§ Task prompt
Pictures in the material below are to be left out, and only the lines from the line with "DIY balsa wood" up to and including the line with "Garnet Bands: 925" are to be written out exactly.

§ Provided records
============================================================

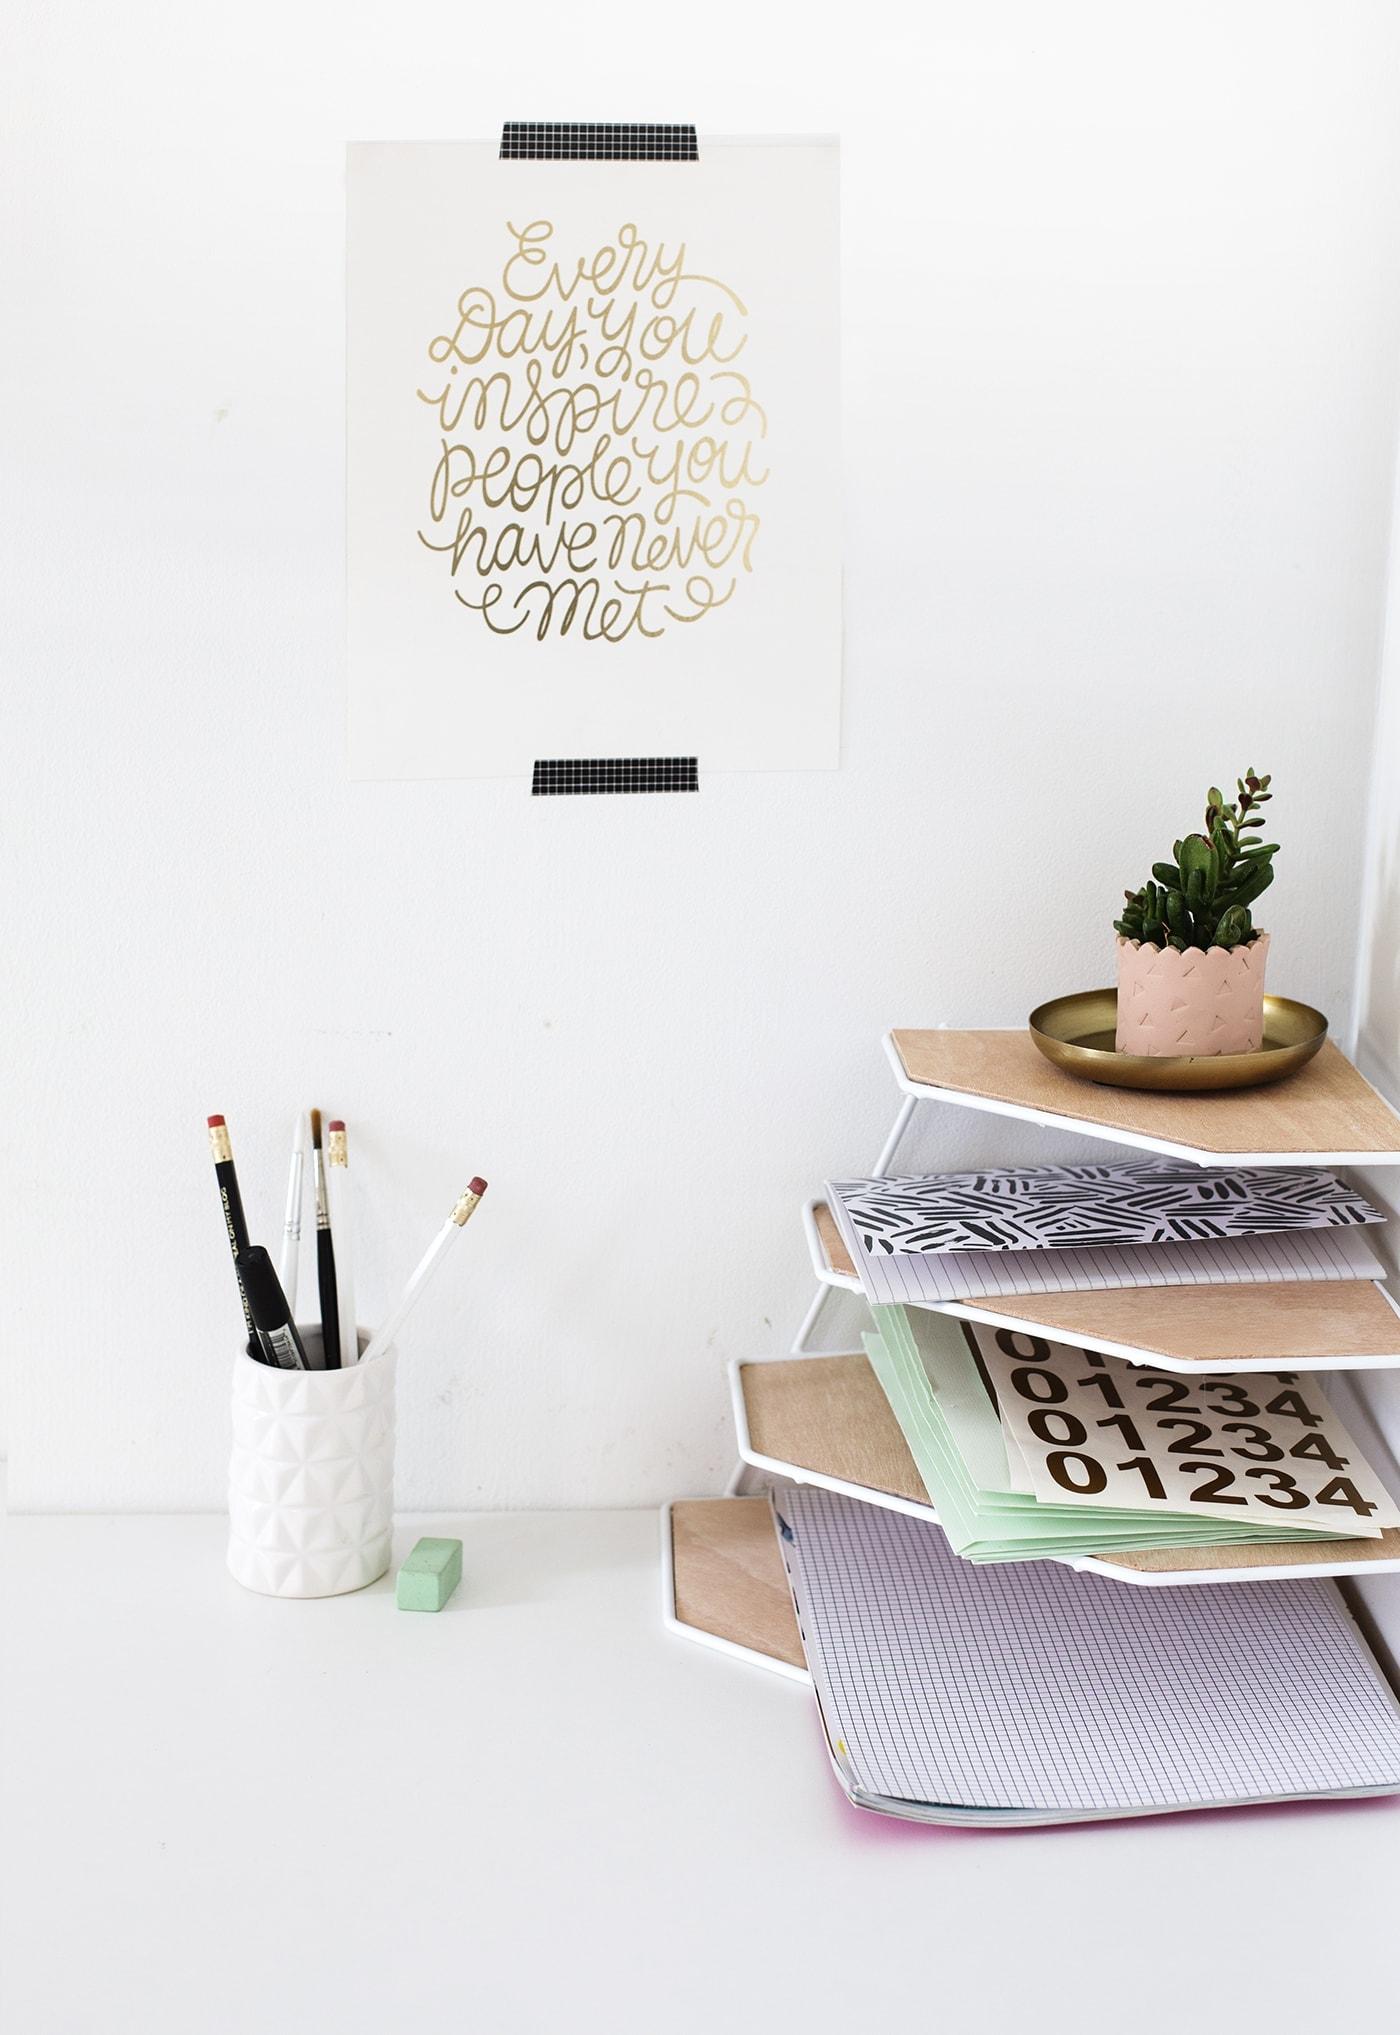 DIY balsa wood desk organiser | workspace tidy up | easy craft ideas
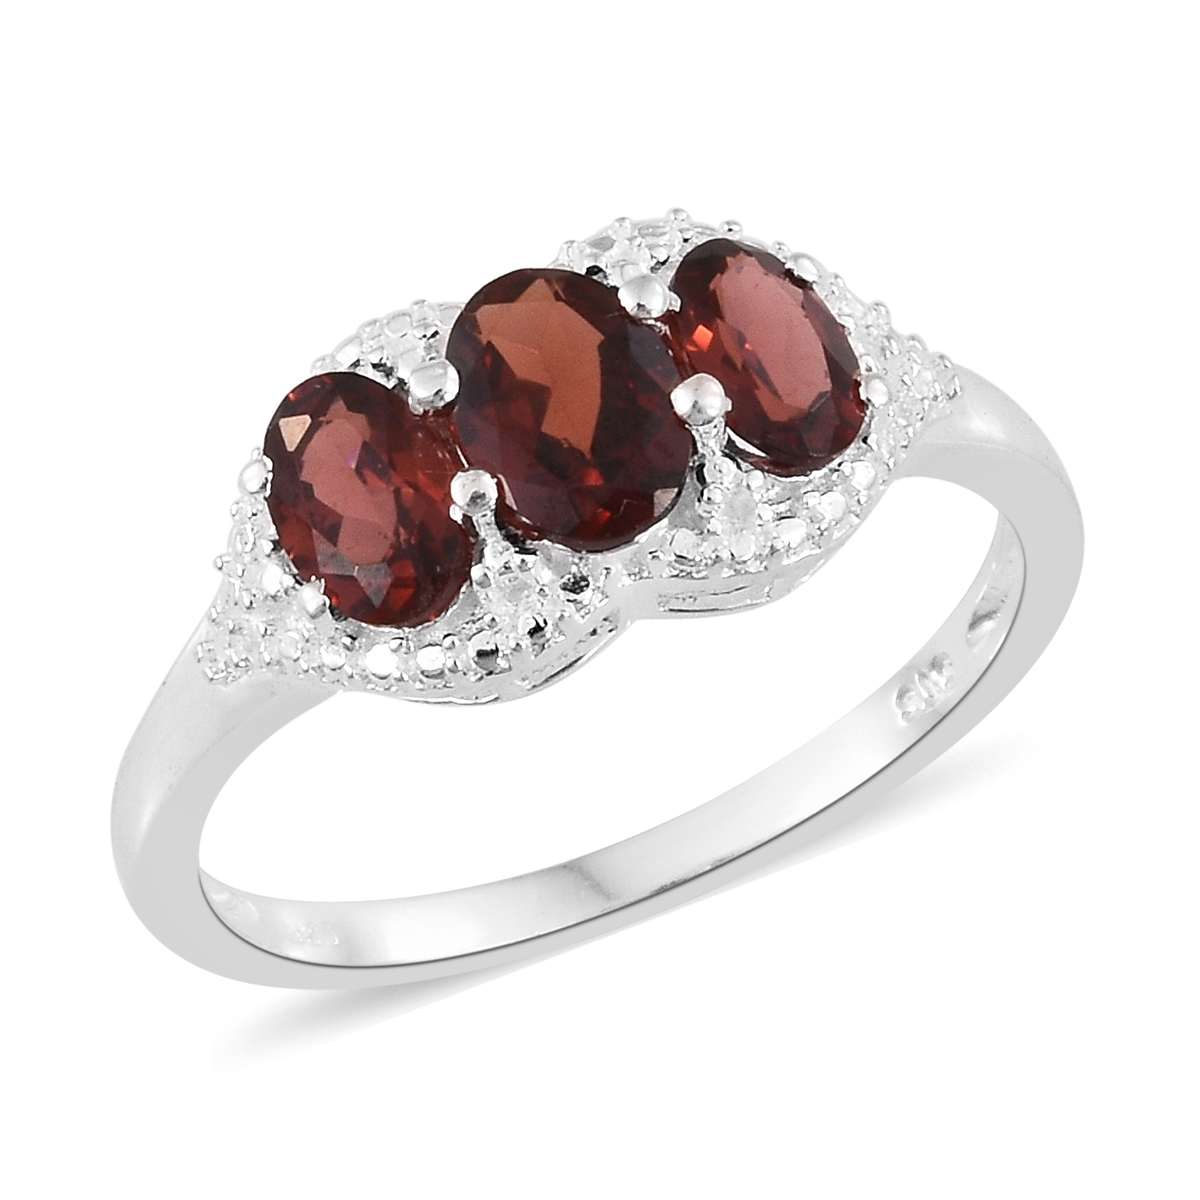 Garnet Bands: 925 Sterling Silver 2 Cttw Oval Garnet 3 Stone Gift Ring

============================================================

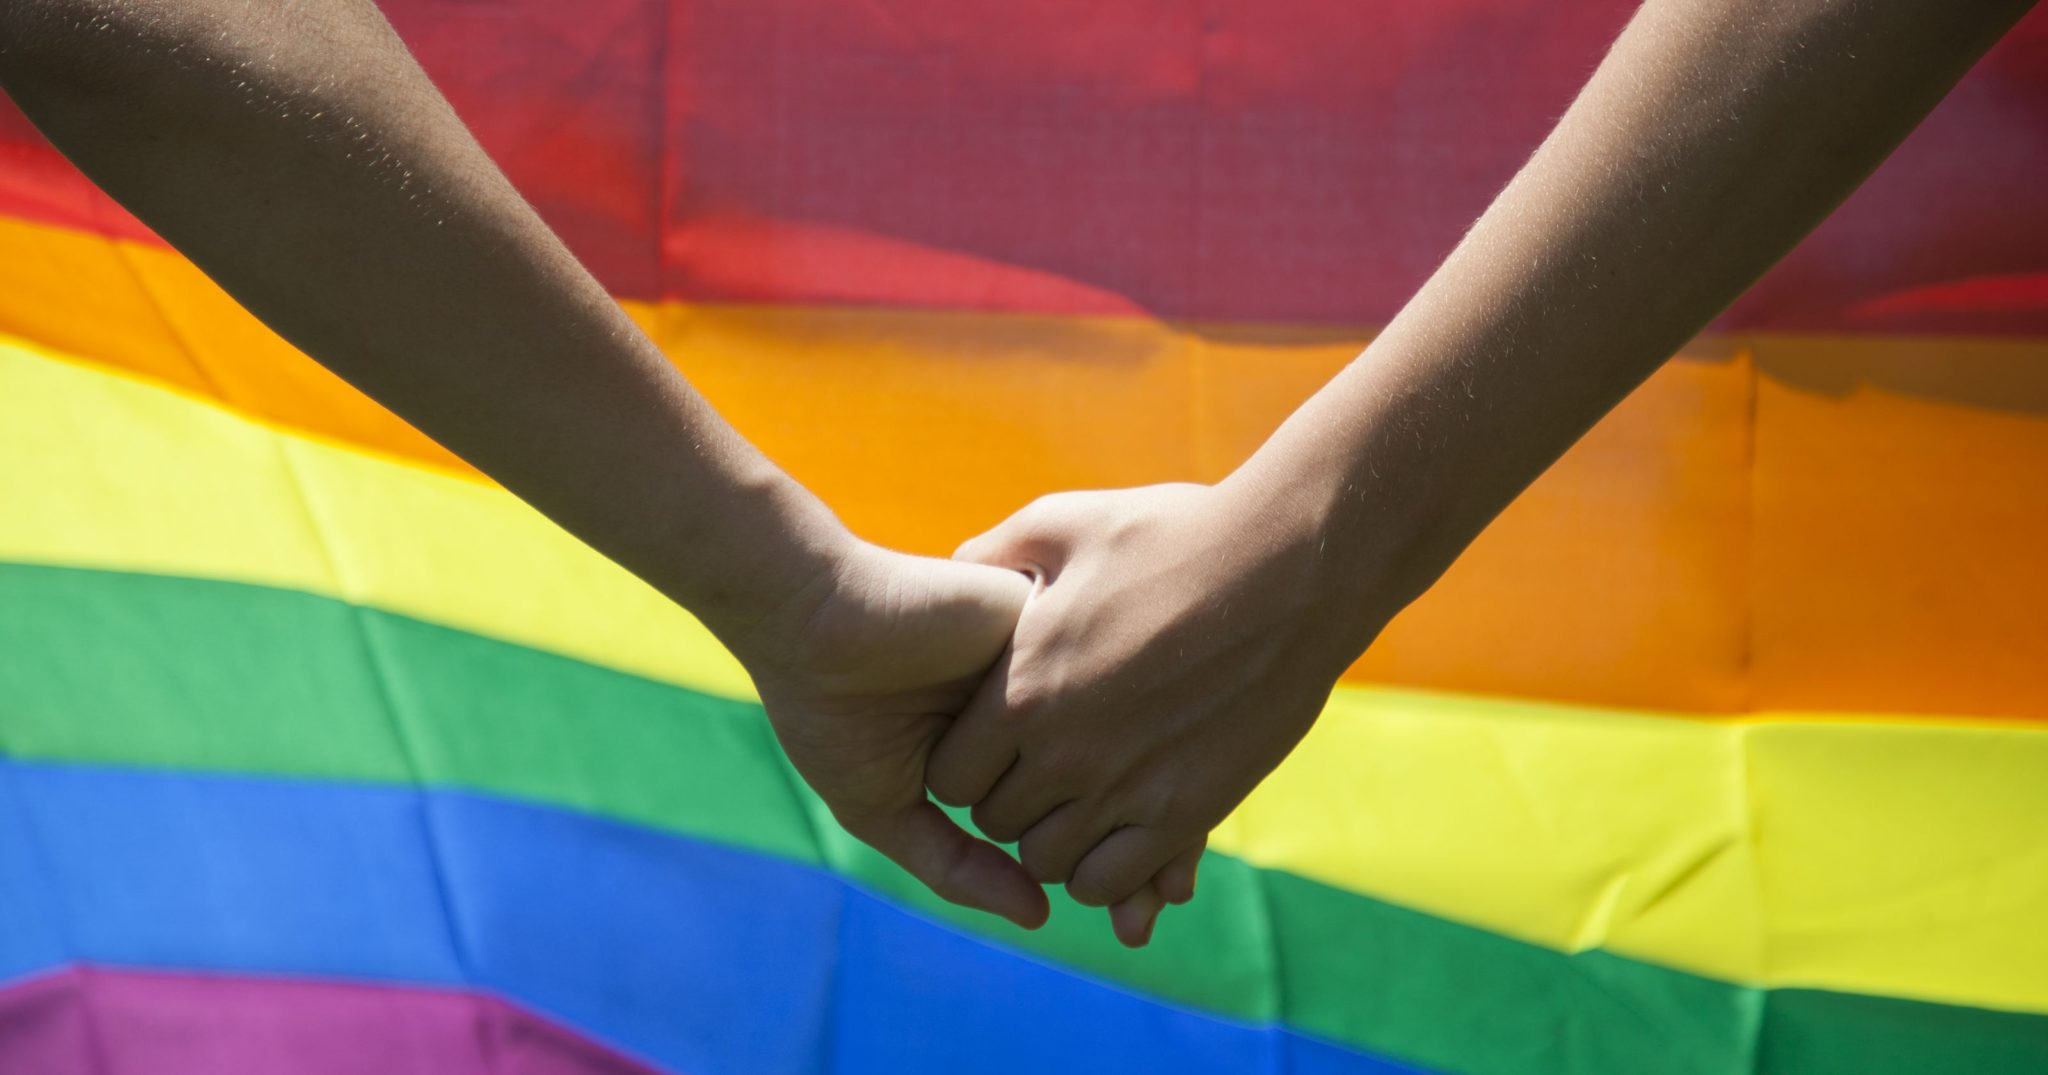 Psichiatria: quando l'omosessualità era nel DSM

============================================================

§ Written reply
 DIY balsa wood desk organiser | workspace tidy up | easy craft ideas
 Garnet Bands: 925 Sterling Silver 2 Cttw Oval Garnet 3 Stone Gift Ring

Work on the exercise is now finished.